This is a further appeal by the plaintiff to this court against the decision of the trial court albeit by way of an appeal against the decision of the Court of Appeal in its appellate jurisdiction on the judgment of the trial Court. Leave of the Court of Appeal to appeal against the decision was sought and obtained on the 25th September, 1985.
The plaintiff is now attacking the judgment of the Court of Appeal on the following grounds of appeal, leaving out their particulars:-
GROUND 1
That the Honourable Court of Appeal erred in law and in fact when they upheld the judgment of the Nnewi High Court which was a misdirection to the effect that there were no numerous and positive acts of possession such as building grants which would have existed long before 1972. Thereby ignoring the preponderance of evidence which point to long possession of the land by the plaintiff/appellant.
GROUND 2
The Honourable Court of Appeal erred in Law and in fact in upholding the decision of the Nnewi High Court to the effect that Exhibit G and Exhibit H were rightly rejected, this was because the action was in respect of two pieces of land known as Ana Uno and Ana - Ofia, and further that decisions in cases referred in the Exhibits not pleaded or even seen by the learned trial Judge. Exhibit C was rejected because it was not pleaded, and this particular exhibit C was that which the Court of Appeal said was not even shown to the Judge.
GROUND 3
That the Honourable Court of Appeal erred in law and in fact in holding that having now admitted Exhibits E and F, which were wrongly expunged, by the court below does not alter the fate of plaintiff/appellant's case having regard to the totality of evidence.
GROUND 4
That plaintiff/appellant was in constructive possession of the land in dispute, both the High Court and the Court of Appeal erred in law and in fact by not awarding damages for the trespass committed by the defendant/respondent.
GROUND 5
The judgment is against the weight of evidence.

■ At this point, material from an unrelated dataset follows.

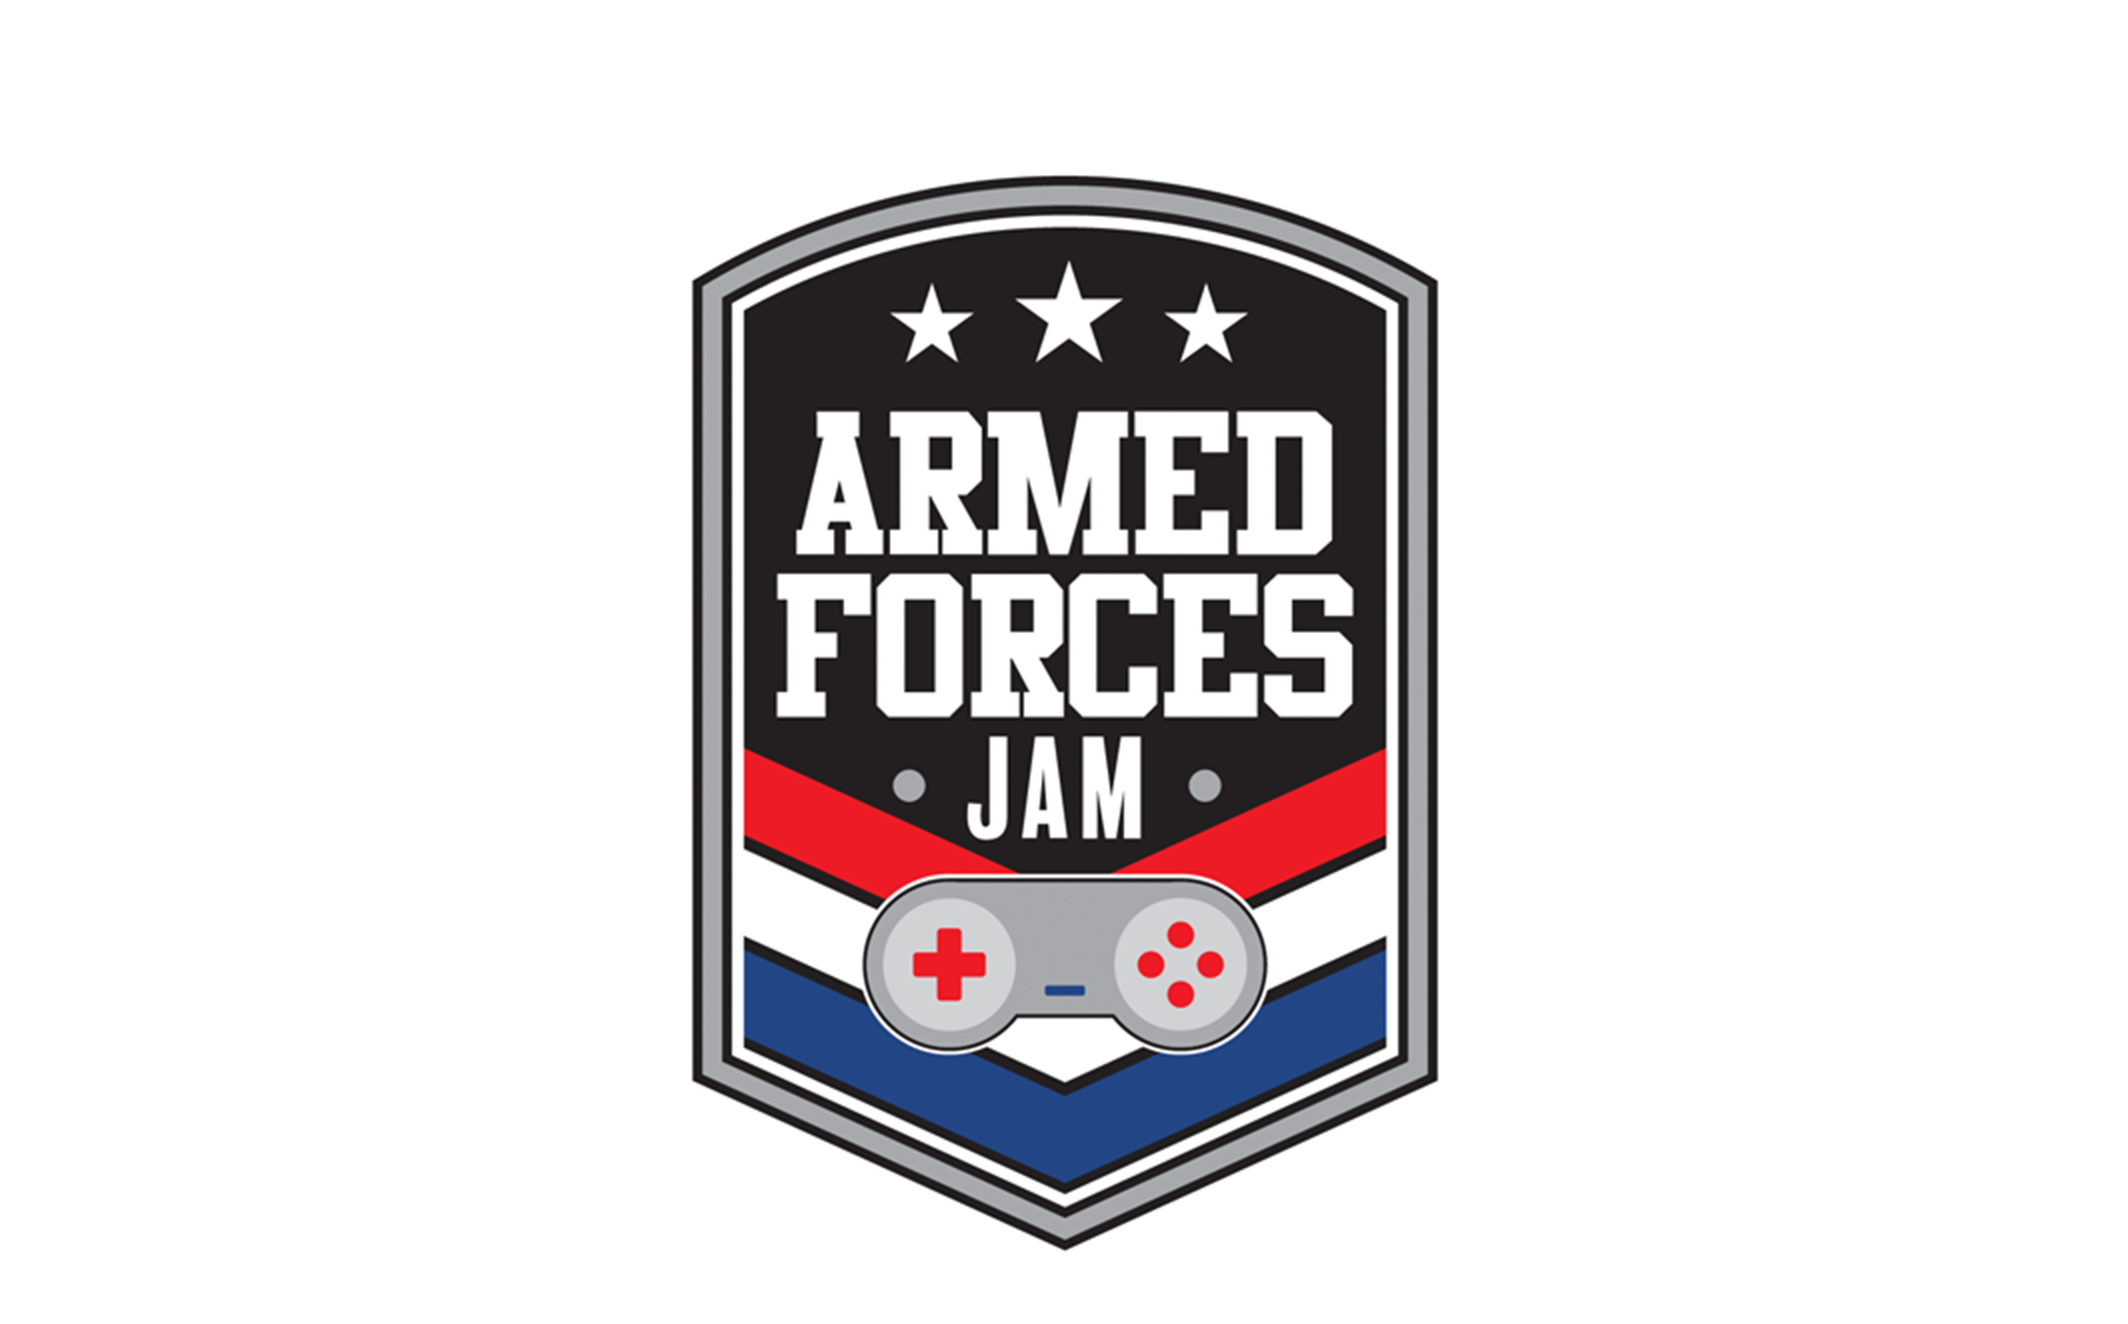 Armed Forces Jam logo

Briefs of argument were filed and exchanged on both sides. In the plaintiff's brief of argument, the issues arising for determination in this case have 'lot at all been precisely identified. It is perhaps in respect of issues Nos. 9 & 10 in the plaintiff's brief of argument that one can say that any precise issues have been identified as arising for determination in this case. The said Issues 9 and 10 are as follows:-
(9) Whether the appellant had not proved sufficient acts of user over the piece or parcel of land.
(10) Whether the Court of Appeal was right in rejecting Exhibits C, G and H; when the same court admitted Exhibit N from the respondent even though the parties in that case were not parties in the present suit?
The defendant, in his brief of argument, for his part, stated the issues arising for determination in this appeal from the plaintiffs grounds of appeal B as follows:-
It is humbly submitted that the issues for determination in this Appeal are the following:
ISSUE NO. 1
Did the appellant plead and give evidence of acts of possession on the whole of the land in dispute.
If he did, were the acts over a sufficient length of time and numerous and positive enough for a declaration of title to be decreed in favour of the appellant on the authority of Ekpo v Ita 11 N.L.R. 68. Did the Court below err in affirming the decision of the trial court, which awarded title to the appellant only to a portion of the land in dispute? In circumstances of this case, does the equitable principle of long possession apply in the appellant's favour.
(Ground 1 of the Appeal)
ISSUE NO. 2
Did the Court of Appeal err in upholding the decision of the trial Court that Exhibits "G" and "H" were inadmissible in evidence? in this case. If it did, did that lead to a miscarriage of justice. (Ground 2 of the Appeal)
ISSUE NO. 3
The Court of Appeal having held that Exhibits "E" and "F" are admissible in evidence, did the Court of Appeal err in holding that the said admission "does not alter the fate of the plaintiff/appellant's case having regard to the totality of evidence." If it did, did that lead to a miscarriage of justice.
(Ground 3 of the Appeal)
ISSUE NO. 4
Did the appellant plead and give evidence of constructive possession of the land in dispute. If he did, was the Court of Appeal in error in affirming the decision of the trial Court that the respondent was not liable in trespass.
(Ground 4 of the Appeal)
ISSUE NO. 5
Was the decision of the trial Court, affirmed by the court below, against the weight of evidence adduced at the trial.
(Ground 5 of the appeal)
It appears to me that the defendant in his brief of argument has correctly identified the issues arising for determination in this appeal from the plaintiffs grounds of appeal. So, I will stick to the issues arising for determination nation in this appeal as identified by the defendant in his brief. Before I embark on the consideration of these issues, I will like to state the case of the plaintiff in the trial court and the defence of the defendant to it.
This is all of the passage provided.